--- Directions for this task ---
Once you find the line with "A rare wide" in the listing below, please repeat it and every later line exactly, through the last one, without pictures.

--- Available data ---
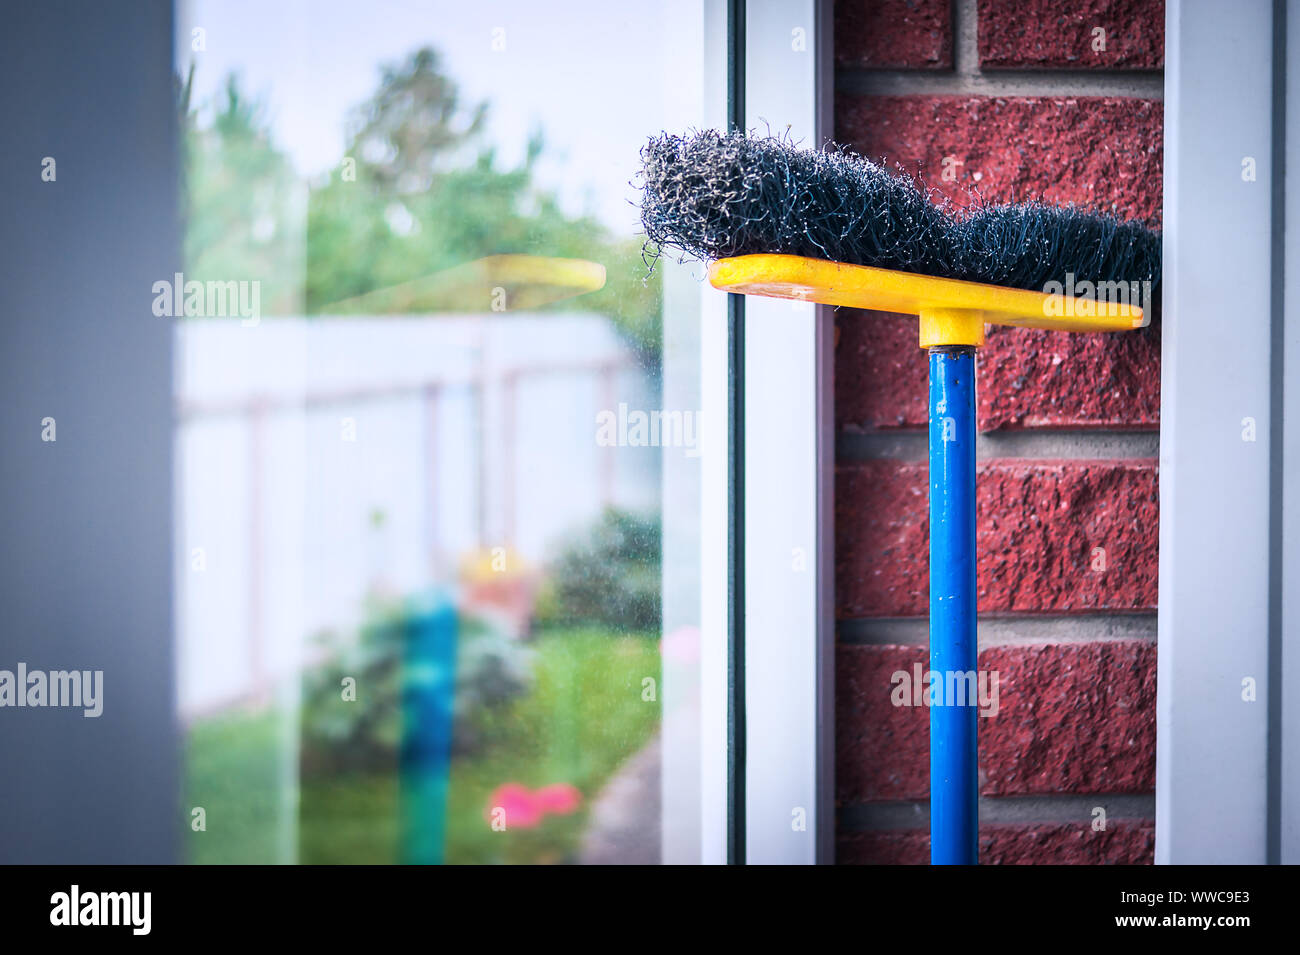 Yellow, Blue and Black Poly Push Broom Leaned Against the Glass and Red Brick Wall in the Mud Room. Keep Your Environment Clean and Tidy Concept. Stock Photo
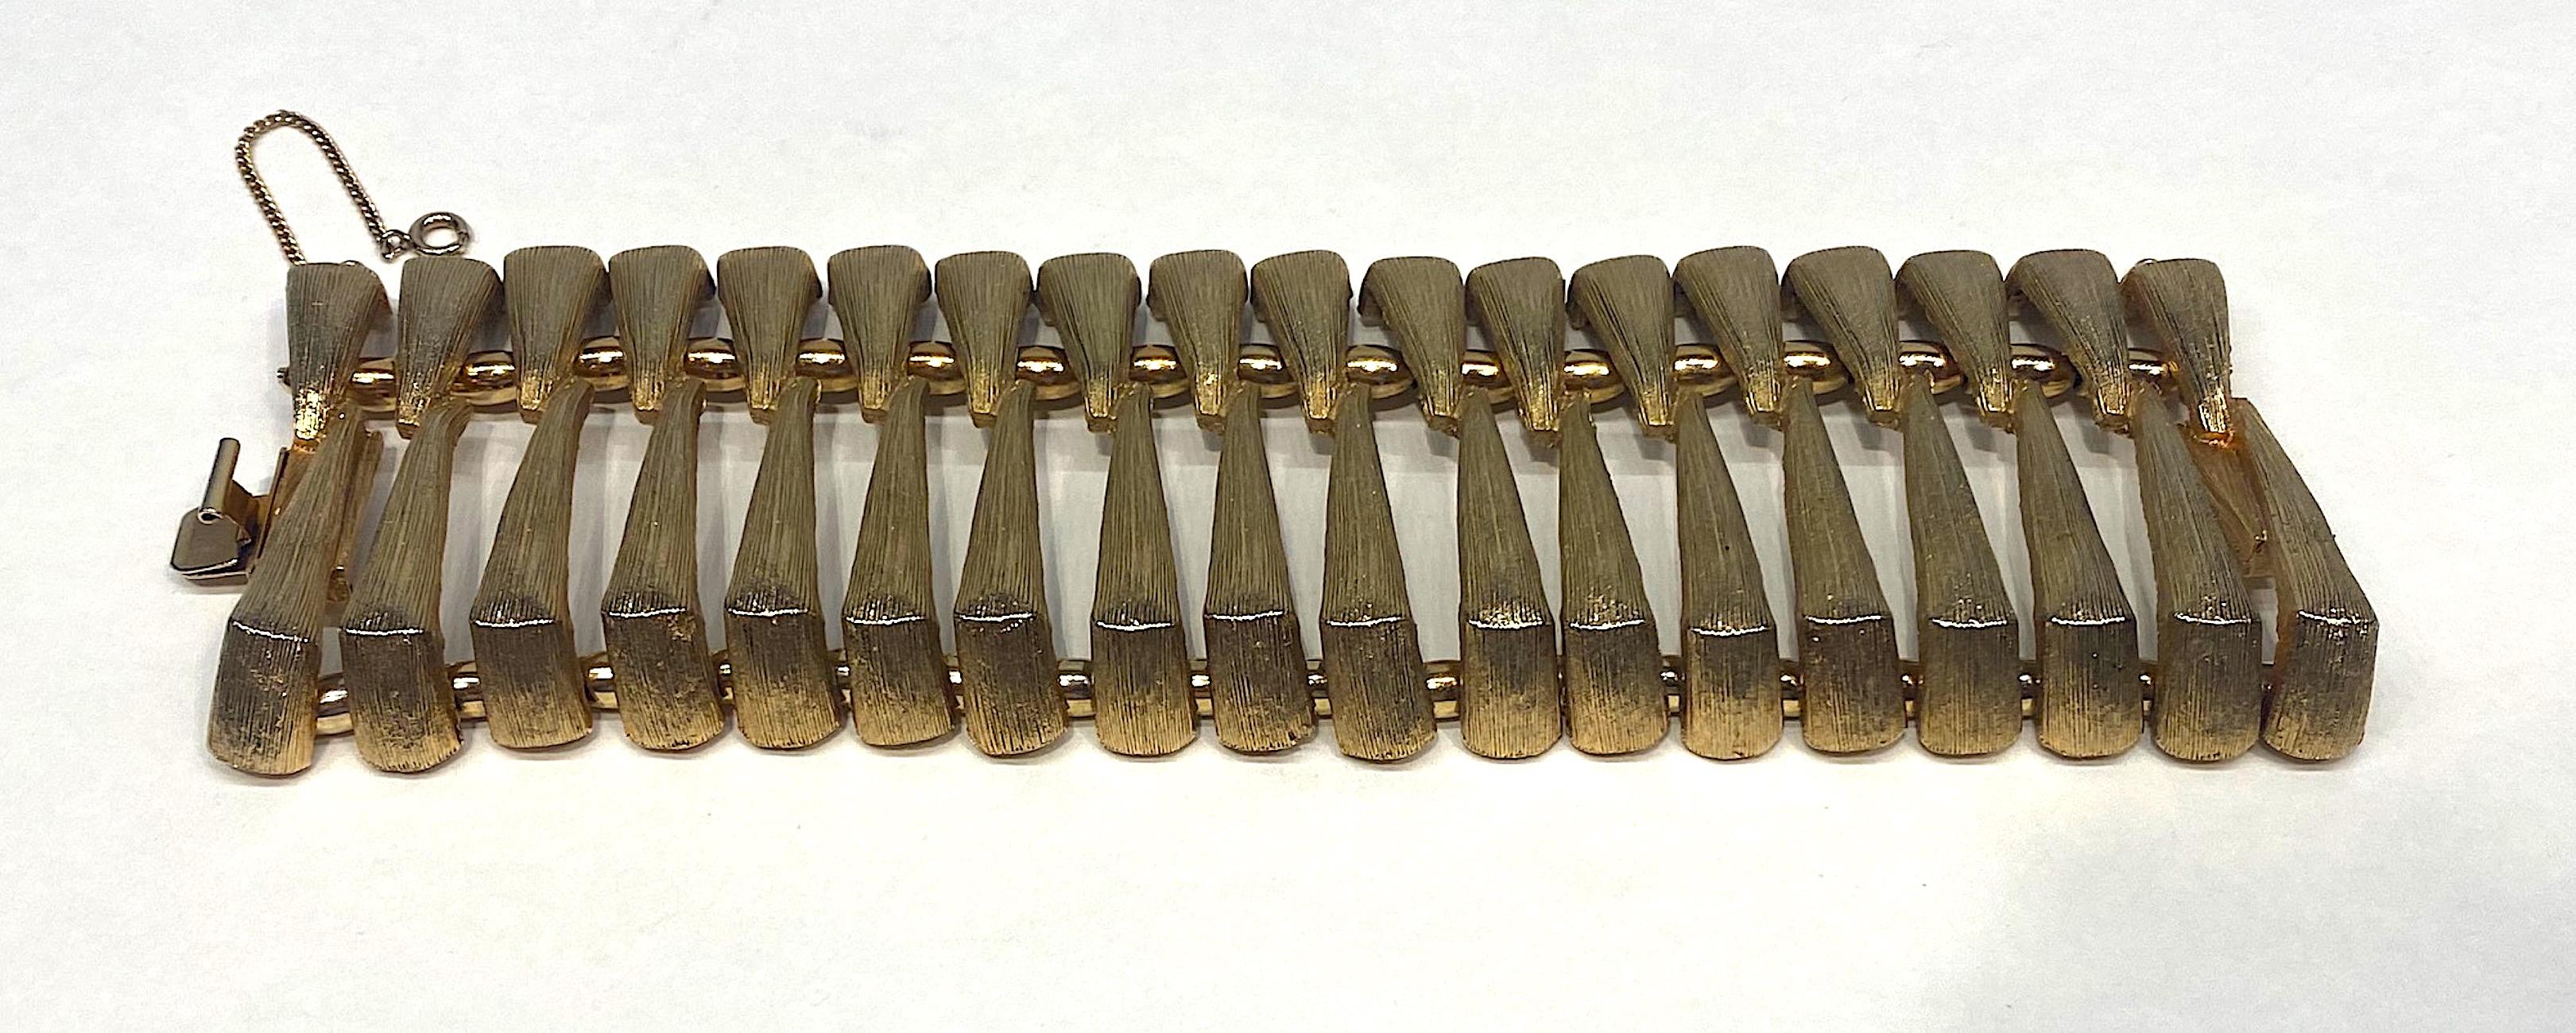 A rare wide Trifari mid to late 1950s bracelet in a textured satin gold plate. The design is three dimensional and abstract in the use of eighteen 2.13 inch wide links. The links are cast with the illusion of two separate triangular pieces facing
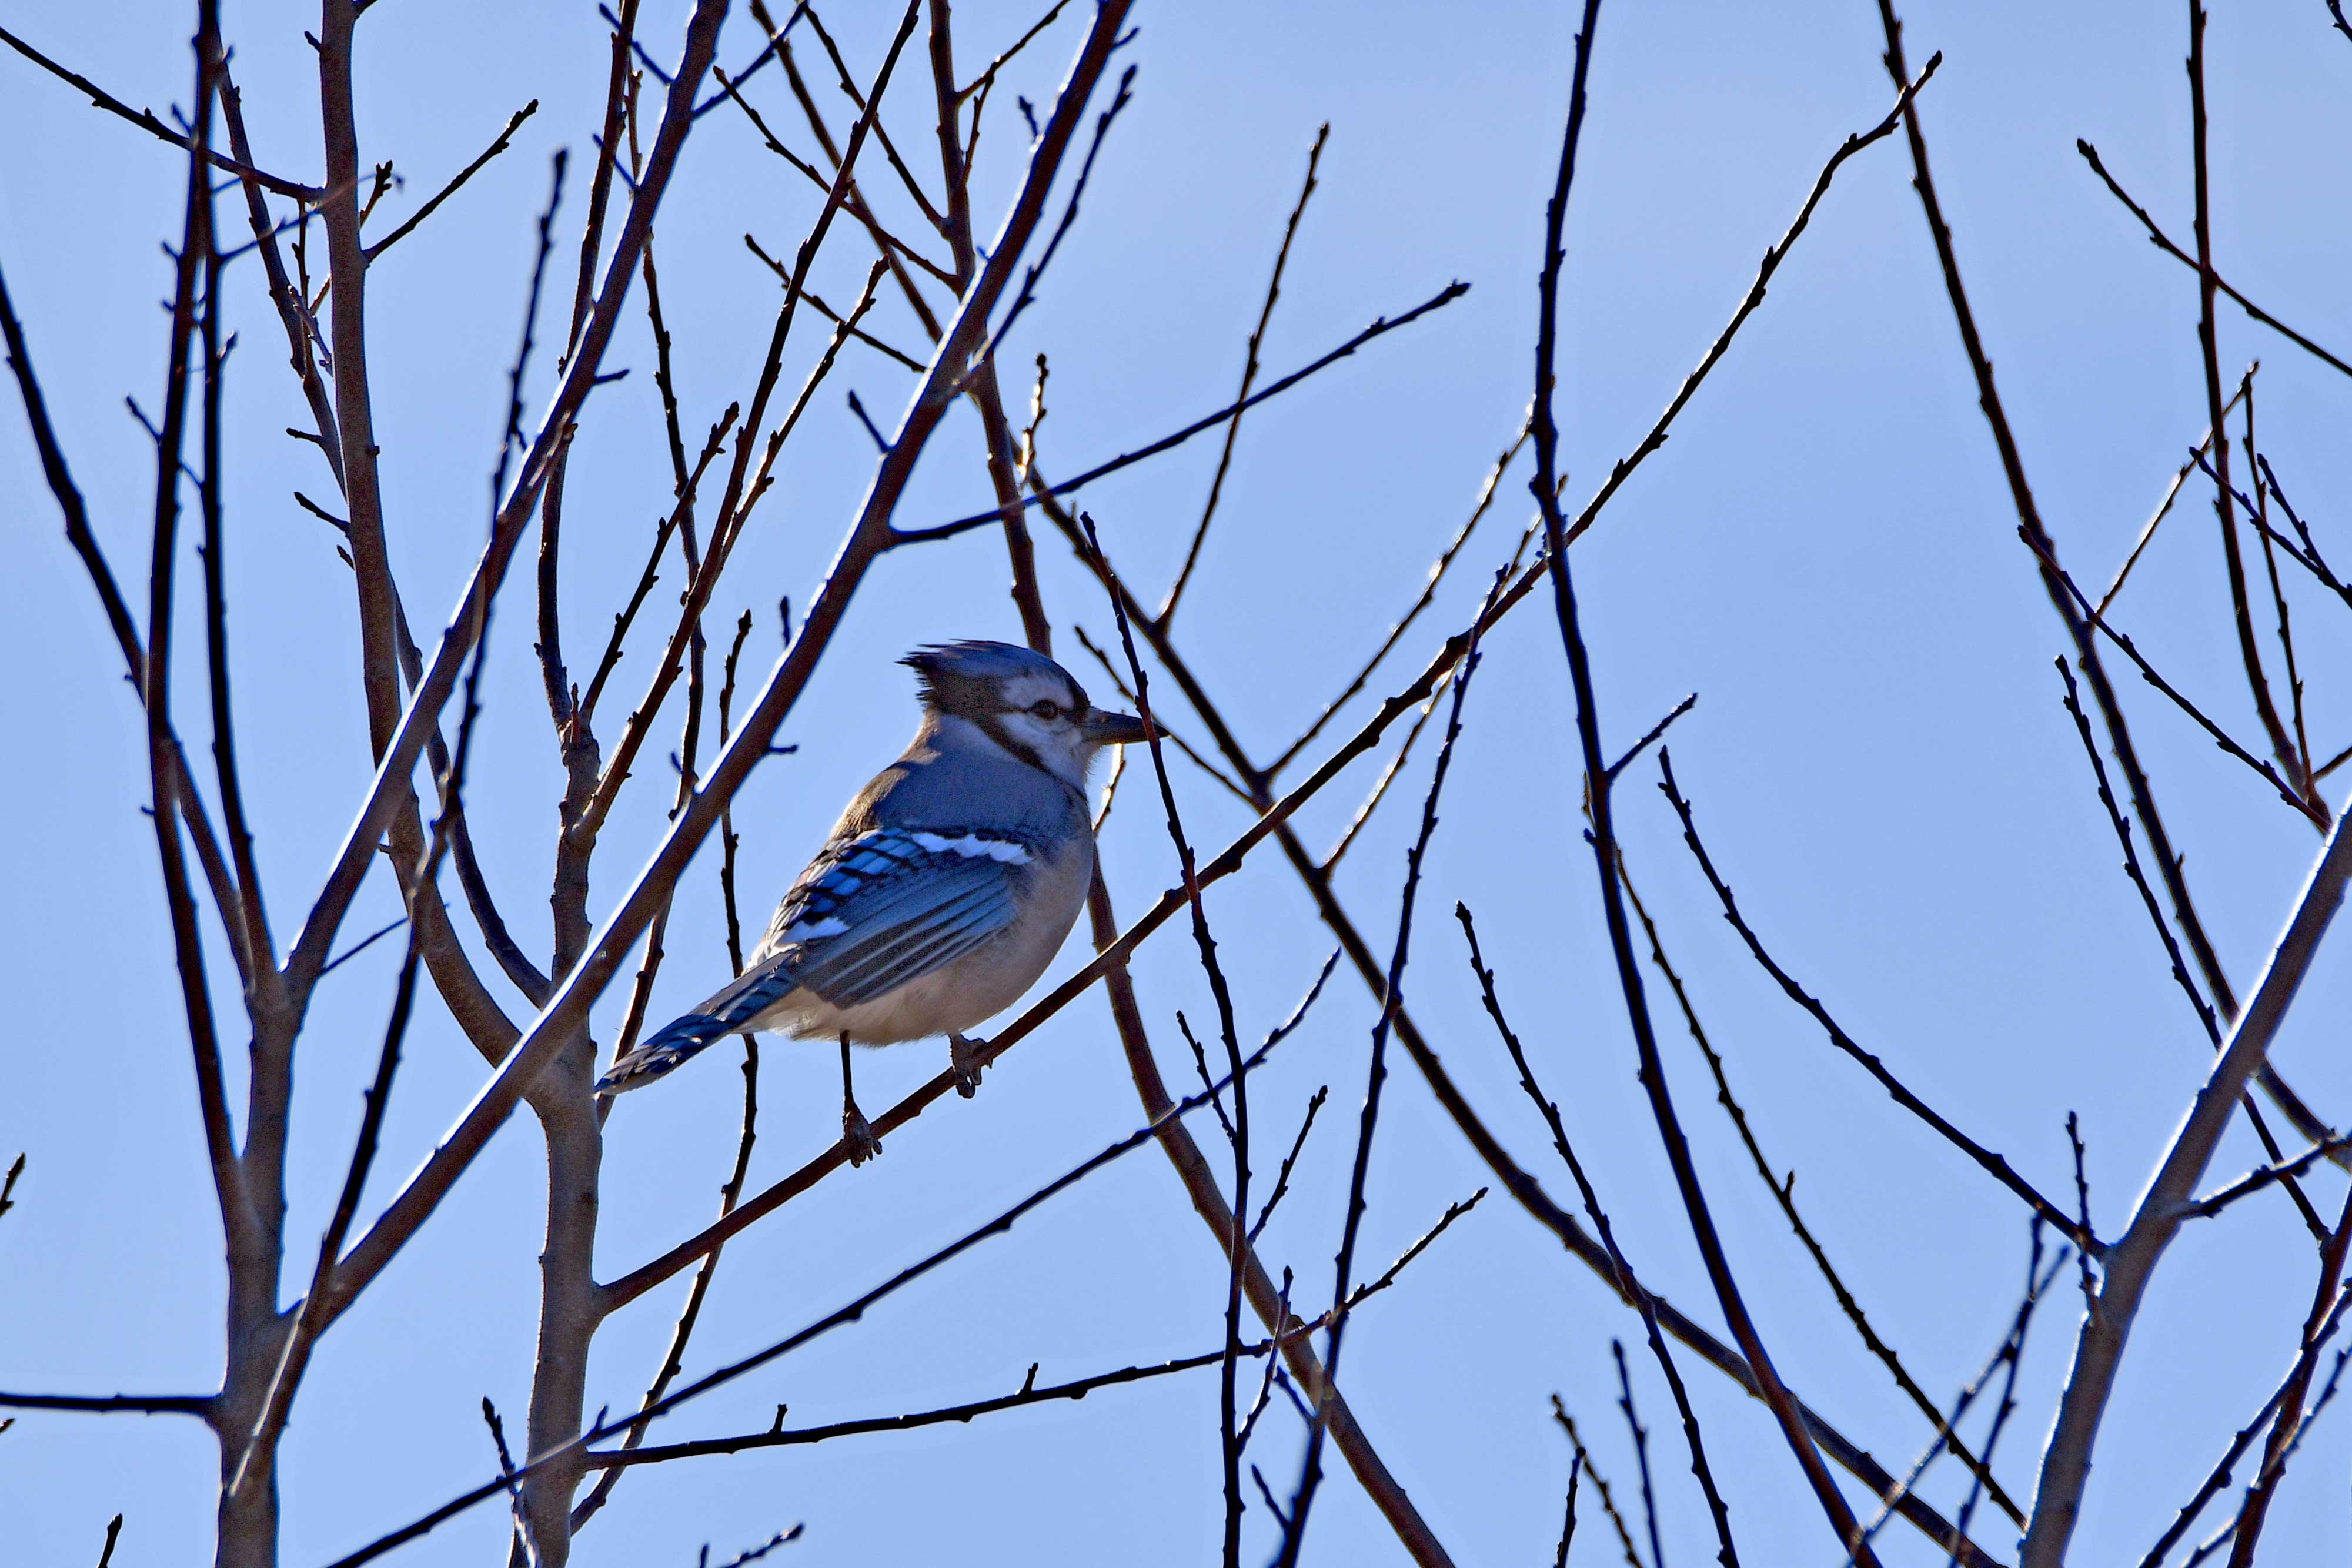 A blue jay in a bare tree

--- Response area ---
 A rare wide Trifari mid to late 1950s bracelet in a textured satin gold plate. The design is three dimensional and abstract in the use of eighteen 2.13 inch wide links. The links are cast with the illusion of two separate triangular pieces facing
 A blue jay in a bare tree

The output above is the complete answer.